# Clear Creek Fishing



## CybrSlydr (Sep 1, 2016)

My brother and I are looking to head over here either tomorrow or this weekend. We've been skunked on bass the entire year (I've caught 4, he's hit 0) so we're looking to try our hand at some trout.

We also just purchased some waders with money from Christmas and have read that Clear Creek is pretty great. Any suggestions on locations or lures? I've got some powerbait dough that floats and will pick up some small hooks (#8 or smaller).

Appreciate any info you can give us, thank you!


----------



## TheCream (Mar 19, 2009)

I'm not sure I'd ever consider it "pretty great," but it has some fish and they are catchable. I fly fish there, but only as a last resort. If I have other options for non-dink fish, I go to the other options.

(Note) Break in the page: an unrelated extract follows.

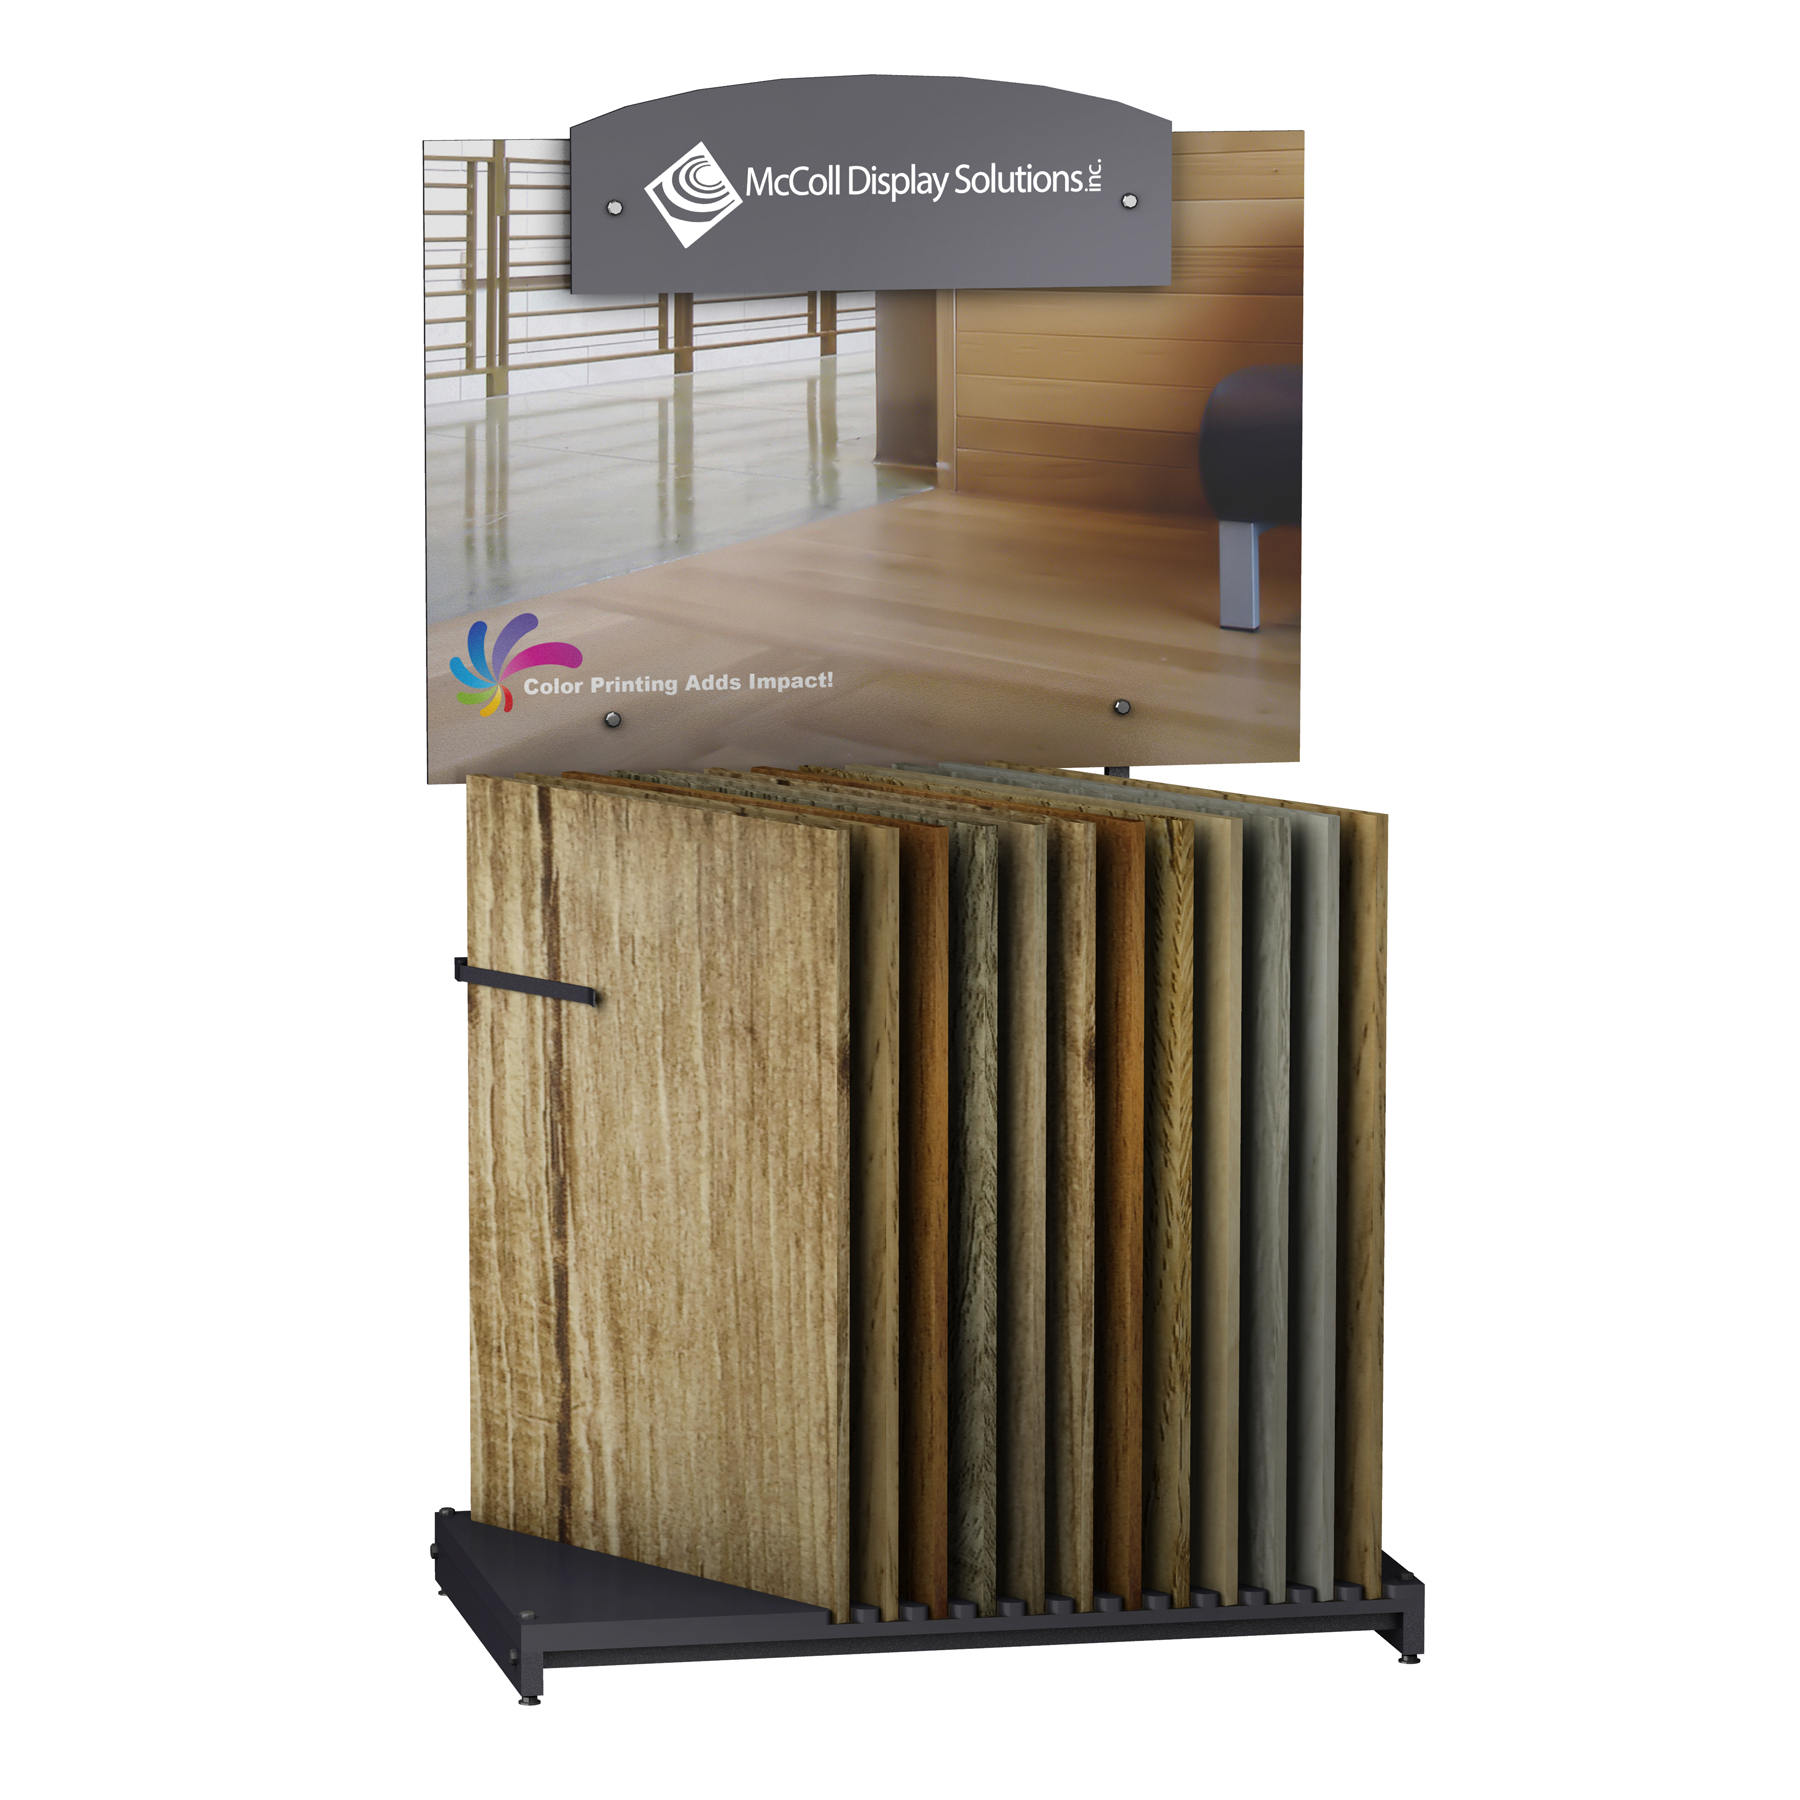 CD101 Slotted Floor Stand Signage Displays Wood Tile Marble Stone Flooring McColl Display

Not sure about Powerbait but small inline spinners would probably catch fish. Don't expect anything too big. Most brown trout I catch there are 6-9" fish, with the rare fish going past 11-12".


----------



## CybrSlydr (Sep 1, 2016)

Thanks for the input - we went but found the water extremely stained and lots of sediment deposited in the corners. Couldn't see but a few inches in the water, so wading was out of the question. Also quite a few trees near the designated spots and my brother got caught 3 times. 

After tossing the inline spinners for a bit, we called it quits.


----------